His own quarters at the Swallowed Anchor lay not far away. Wearily, Hoare made use of his key to enter the sleeping inn and fell on his bed fully clothed, telling himself to awaken at sunrise.

The morning sun in Hoare's eyes woke him with a start. God, it must be gone eight bells-and Severn due to catch the flood. Dashing ice-cold water into his face, he raced below. "No time, Susan, no time," he whispered to the pink girl who bore his breakfast of bread and brawn. "Was there a ship's master in the inn two nights ago, or three?"

"I don't think so, sir. Pa! Mr. Hoare wants to know 'as there been a ship's master in the inn these past two nights?"

"Nay, lass, no master, not last night," came the answer from the kitchen.

Hoare departed at a near-run for the Bunch of Grapes. If he failed there, he was left with inquiring at a few down-at-heel shebeens where no self-respecting ship's master would have set foot-and he had no time, no time.

Mr. Greenleaf of the Bunch had just opened his doors and was sweeping out last night's trash. Yes, he remembered seeing Mr. Tregallen; he knew him well. He had sat at that table in the back, and another man had joined him. Hoare's heart lifted; the tangle was about to come unraveled after all, and nearly an hour remained before flood tide.

Mr. Greenleaf could say for certain that Tregallen's companion was tall, but he had been that moithered; a tussle had come up among some of the other patrons, and by the time he had taken care of the matter the stranger had gone.
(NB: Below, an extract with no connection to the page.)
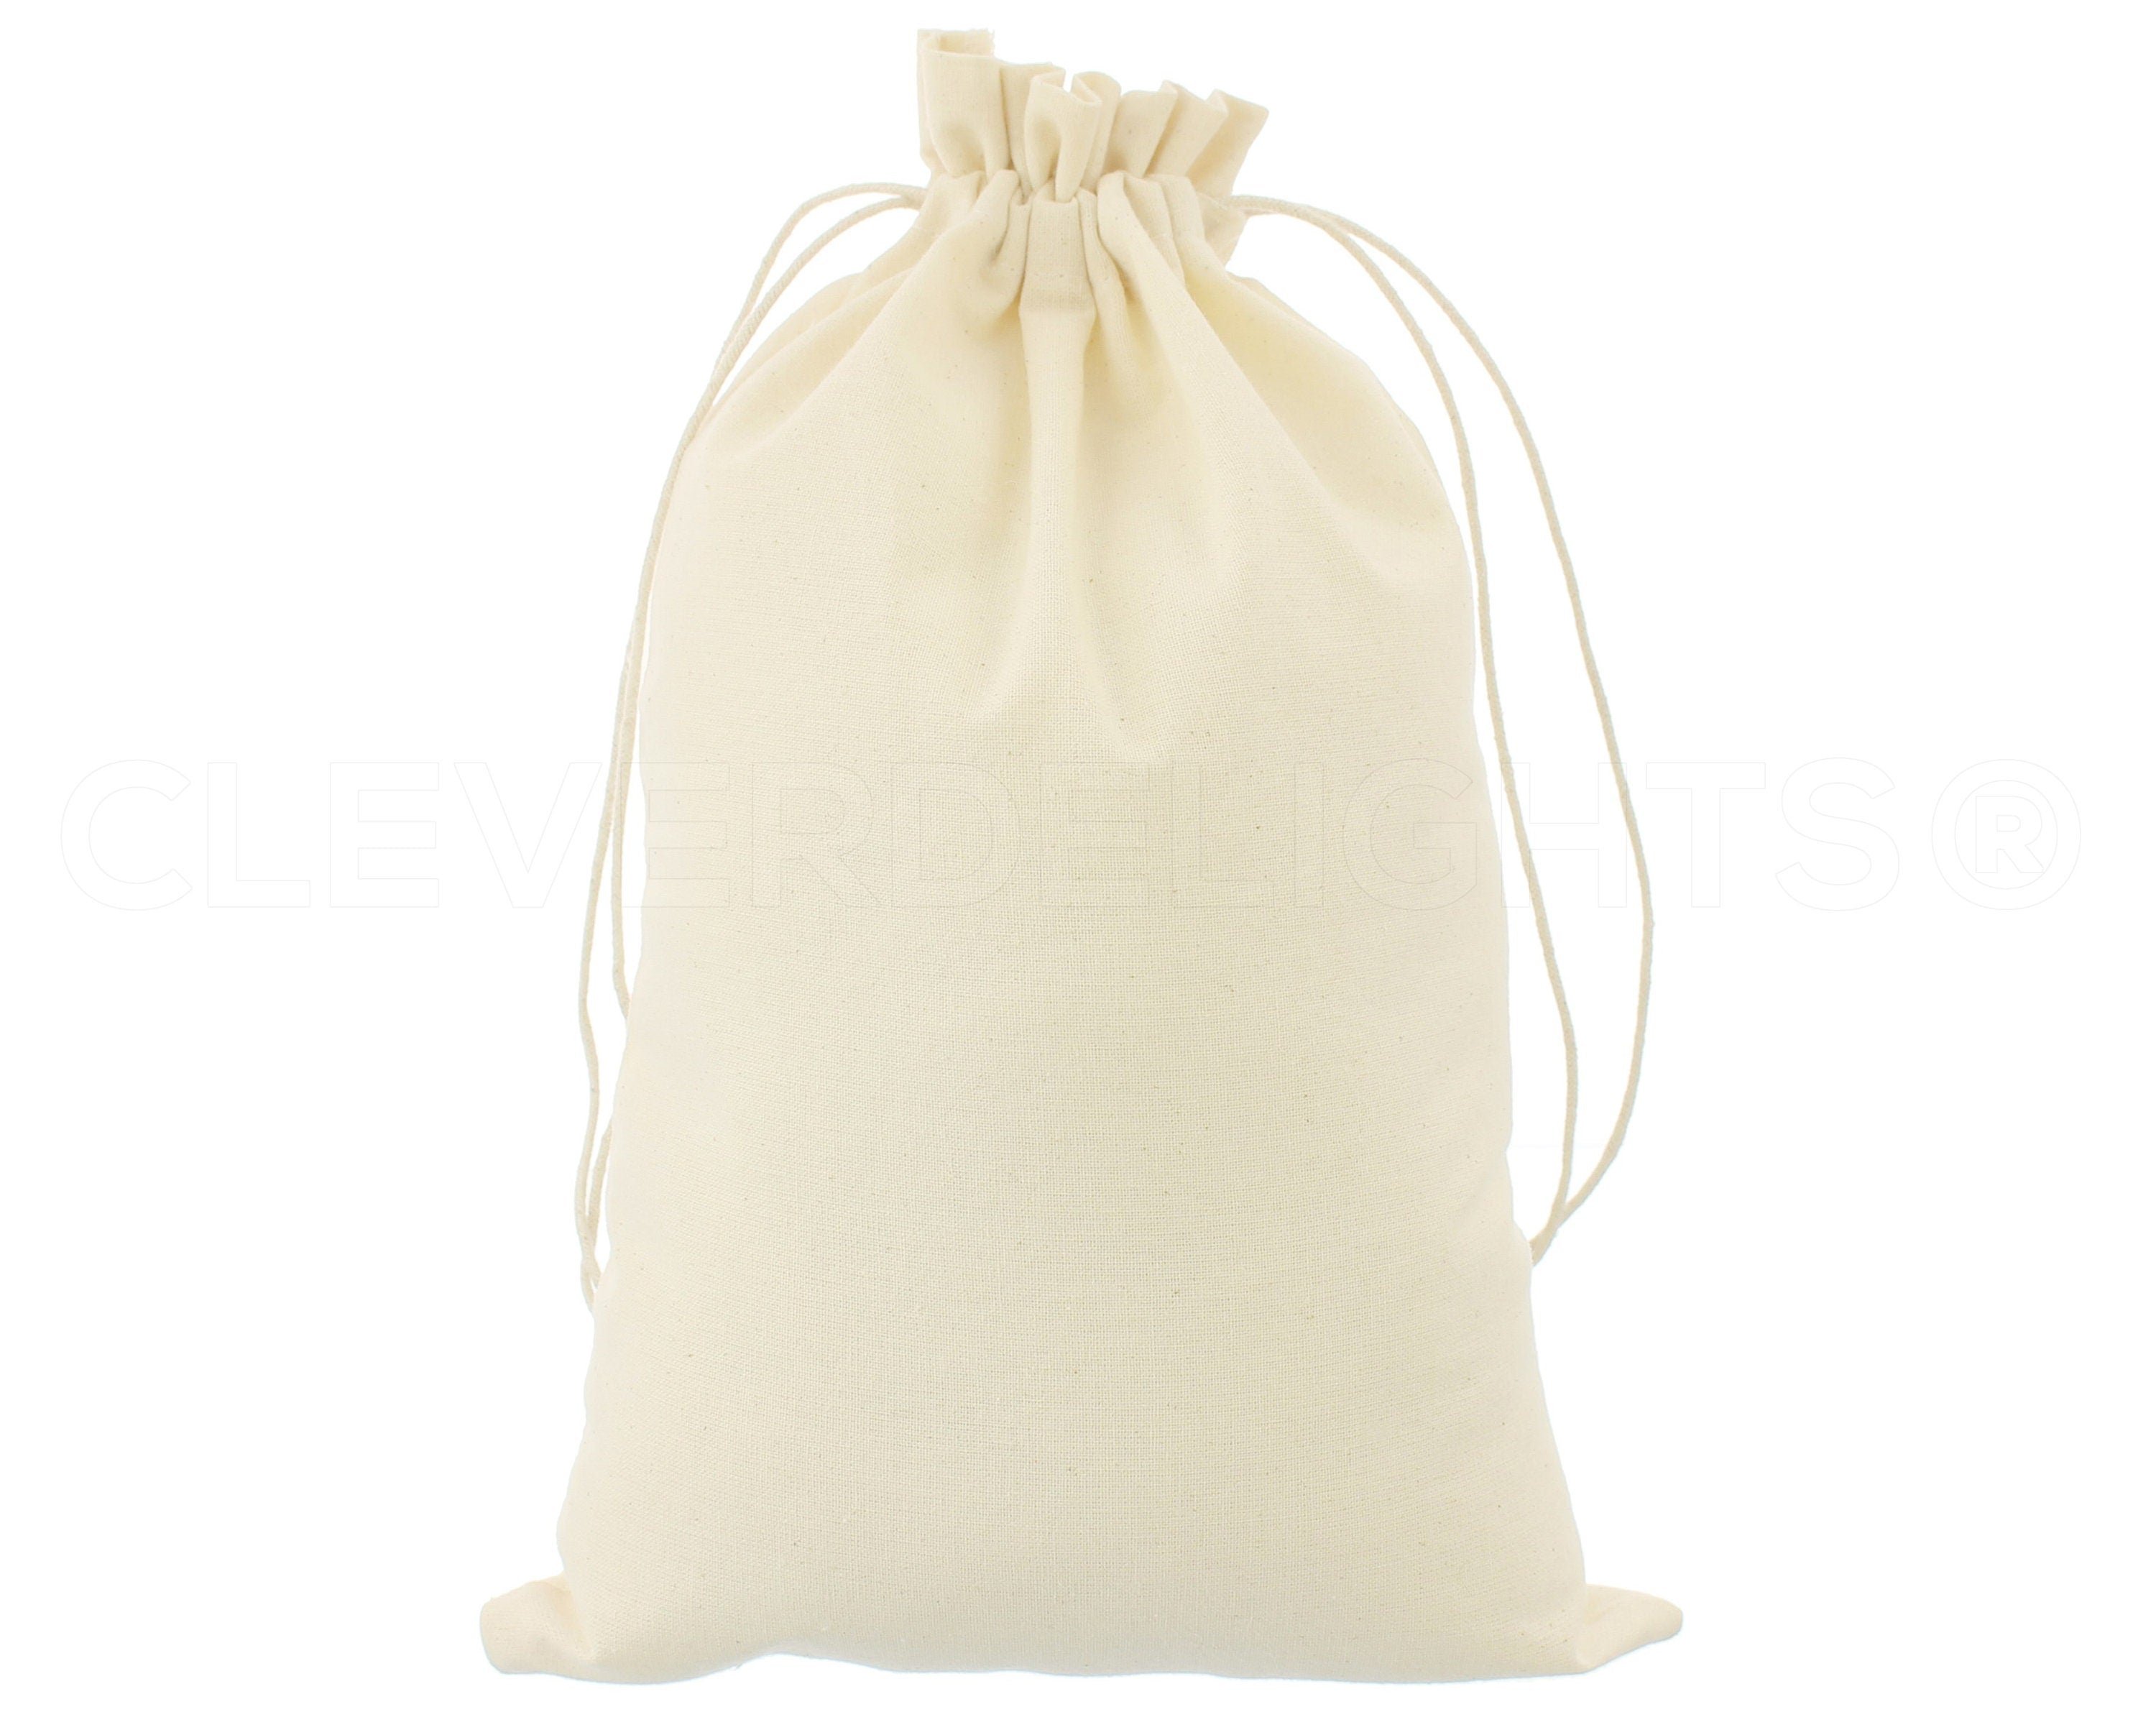 10 x 12 Inches 100% Cotton Single Drawstring Premium Quality Muslin Bags

Mr. Tregallen had paid the reckoning for himself and his friend and left. It was then that the inn's own horse and chaise, which Mr. Greenleaf had rented out to another patron, had disappeared, leaving both the patron and Mr. Greenleaf bereft. In fact, were it not for a friend of Greenleaf s boy, it would have been the last of his horse and chaise because yesterday morning the friend came to tell the boy he had glimpsed the equipage standing just off the Sally Port, unattended and all bespraggled with blood.
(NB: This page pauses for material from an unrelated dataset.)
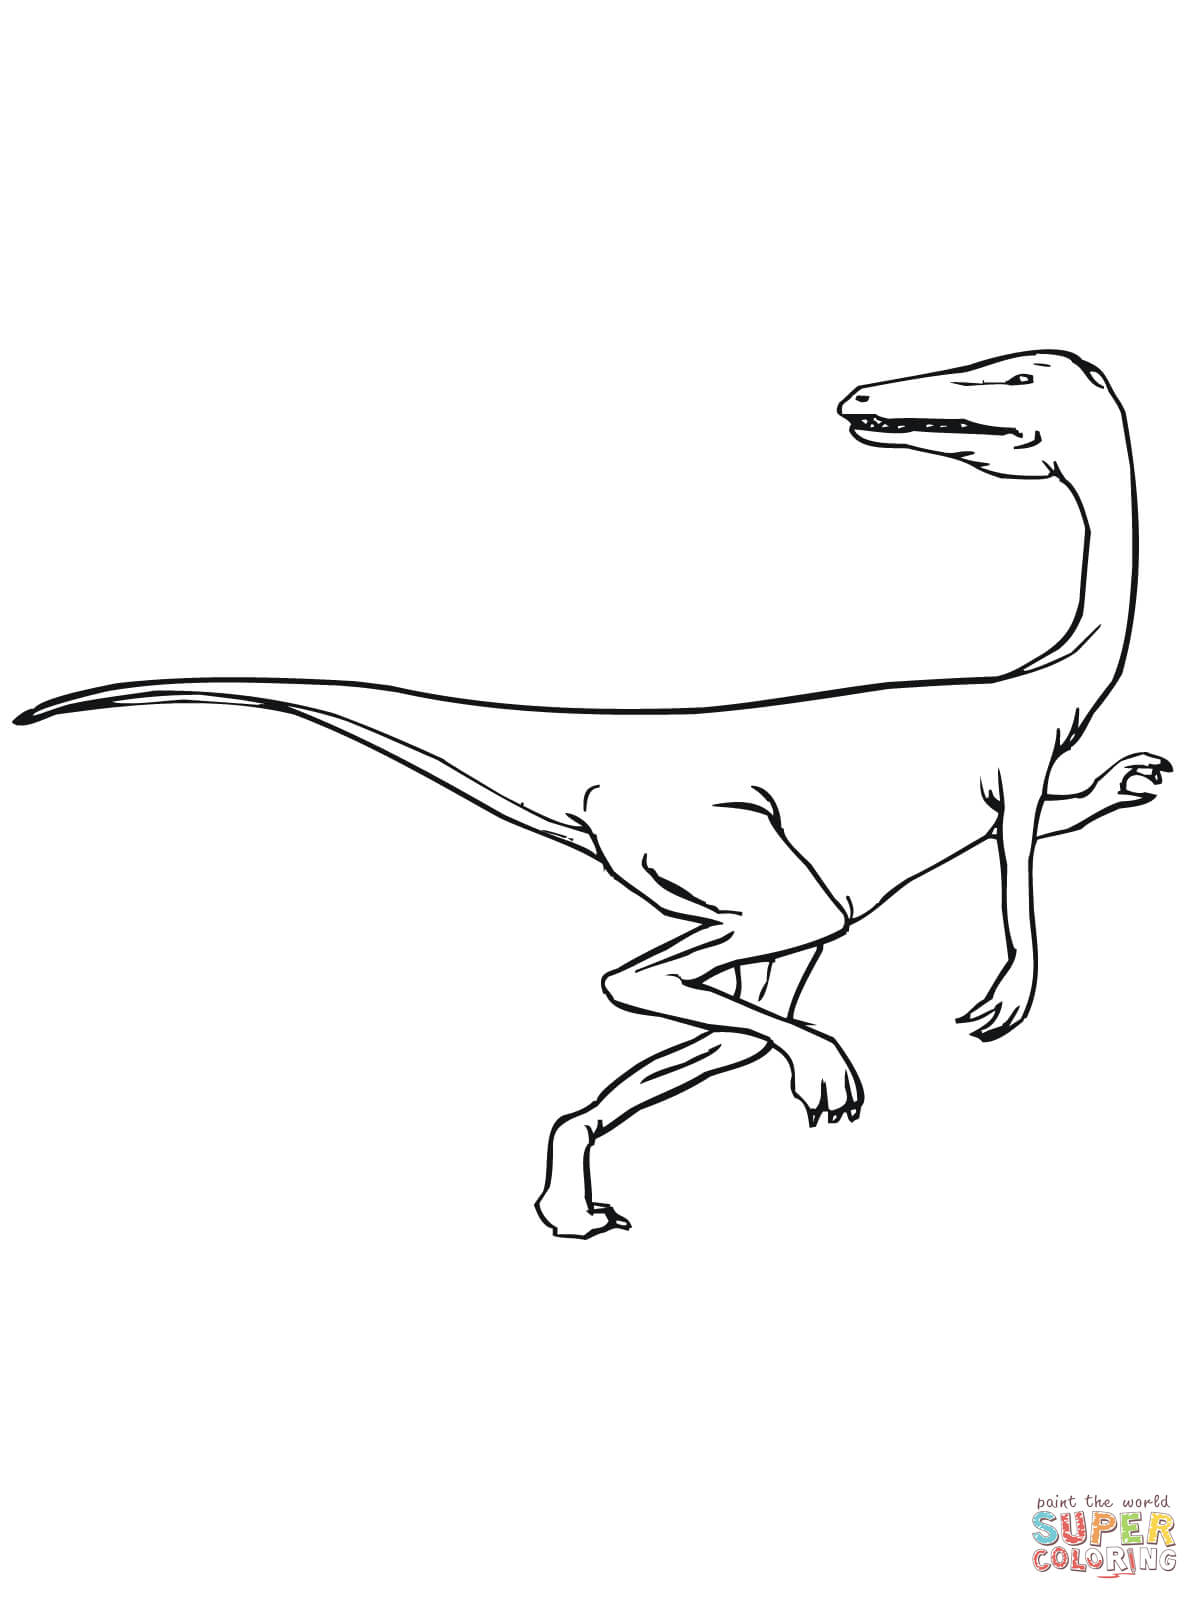 Featherless Velociraptor - Velociraptor coloring page

Hoare's heart sank again. Yes, Tregallen had met a friend, but who had he been? He started out the inn door and nearly collided with a barefoot girl-child who ran athwart his hawse in hot pursuit of a kitten.

"You, Jenny!" came a woman's voice from within. "You coom back 'ere, or I'll tell yer da and 'e'll wup yer little arse off!"

Within seconds the child trotted back again, triumphantly lugging her kitten. "You tell me da, an' I'll cut yer into pieces when I grow up, that I will!" she shrilled. Child and pet vanished into the darkness of the inn.

For what seemed like an eternity Hoare stood transfixed, the chance words ringing through his head. The tangle in his mind was suddenly gone-cut into pieces.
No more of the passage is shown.